今はまだコトリ会議を見たことのないあなたへ|山本正典(作・演出)&若旦那家康(制作)インタビュー
関西の人気劇団「コトリ会議」。演劇業界における受賞歴も多く、他団体からのラブコールも多い作・演出の山本さん。全国の演劇の橋渡しをするかのごとく各地を飛び回っている制作の若旦那さん。今回はお二人から、お二人自身のこととコトリ会議の作風、そして最新作『おかえりなさせませんなさい』について、お話をお伺いしました。
山本正典(やまもと・まさのり)―作・演出
――山本さんの演劇との出会いを教えてください。
山本 小学4年生の頃に劇団ひまわりさんが小学校の体育館でお芝居をされて、その作品に衝撃を受けました。『ルドルフとイッパイアッテナ』という作品なのですが、小学生の頃なので難しい感想はなくて、ただ、「すごかった面白かった」という記憶だけが今もずっとまだ残っています。まあ、そこからすぐに演劇をやってみようということにならずに、だいぶ時が流れて大学生になって。

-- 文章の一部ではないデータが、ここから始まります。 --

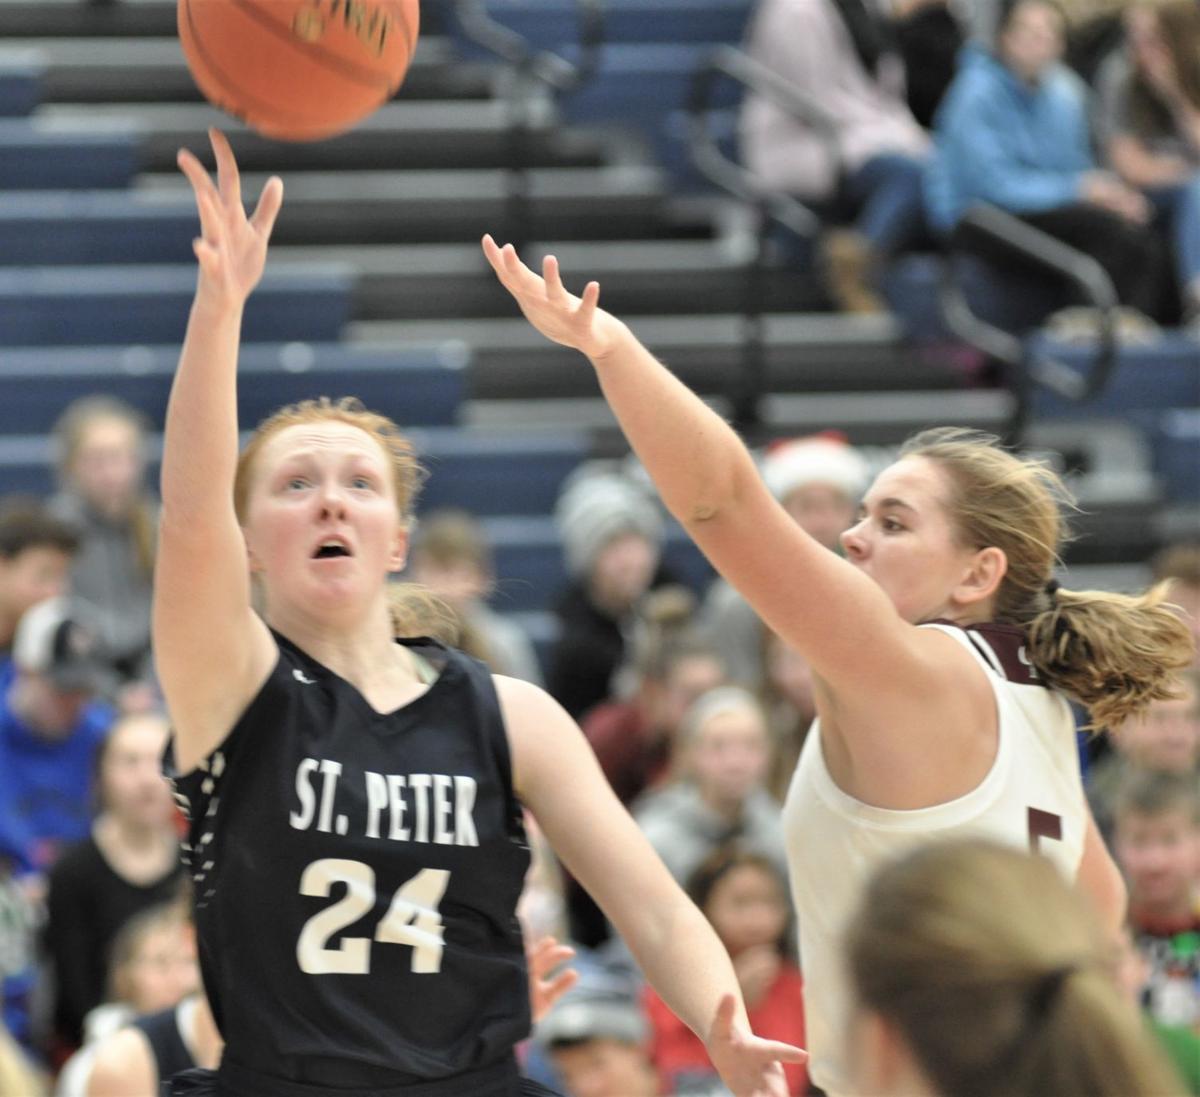 St. Peter depth wears down NYA, Saints girls win

演劇もほとんど見ることなく過ごしていたある日、仲の良かった友達がパソコンをいきなり開き出して、「こんなに面白い人たちがいる!!」って京都の劇団のWEBページを見せてくれて、「稽古をどんどん見に来てね」ということが書いてあったので、ふらっと何気なく2人で行ってみたんです。すごく歓迎されてもてはやされていい気になっていたら、その後飲み会で「じゃあ、この紙に今日2人が来た記念の名前を書いてほしい」と言われて、書いたらそれが劇団の登録用紙だったという(笑)。もちろんある程度、自分たちで選んでいると思うのですが、そのくらい不意を突かれたような感じで演劇の世界に入りました。
――作・演出をはじめることになるのはどのタイミングですか?
山本 鈴江俊郎さん主宰の劇団八時半に出演させていただき、3都市ツアー公演が終わってみんなで後片付けを手伝っていた時に、鈴江さんから「お前は本を書け」ということをいきなり言われまして。「役者だけではなく、演劇のあらゆることを自分で模索してできるようになっていけ」という姿勢の方なので、僕はそれを素直に受け取って、脚本をはじめて書いて、自分ひとりのユニットで上演してみたというのがはじまりです。
――どんな作風だったのですか?
山本 今とほとんど変わっていないかもしれません。男の子の住む六畳一間のアパートに、いきなり元カノみたいなやつが飛び込んできて、なんかいきなり琵琶湖を爆破して地球の軌道をずらしたら月が落ちてくるスイッチを開発したみたいな。で、これを起動させようか迷っている、みたいなのを頑張って阻止するというような、そんな話です。
若旦那家康(わかだんな・いえやす)―制作
――若旦那さんと演劇との出会いを、教えてください。
若旦那 私、すごいテレビっ子で。中学生の頃、深夜に関西の小劇場の俳優とかがタレントみたいに出ているテレビ番組をよく見ていて、その中にお笑い、音楽、演劇などがごちゃまぜになっている番組がありまして、一番心惹かれたのが演劇っぽい作品でした。そこから演劇に興味をすごく持って、観に行くようになりました。
――どのような作品をご覧になっていたのでしょうか?
若旦那 惑星ピスタチオさんはよく観に行っていました。大学を決めたのも、新聞の見開きに座付作家演出家である西田シャトナーさんのインタビューが載っていて、プロフィールのところに「神戸大学はちの巣座出身」と書いてあったので、そこに入ったら後輩になれると思って神戸大学を受験したんです。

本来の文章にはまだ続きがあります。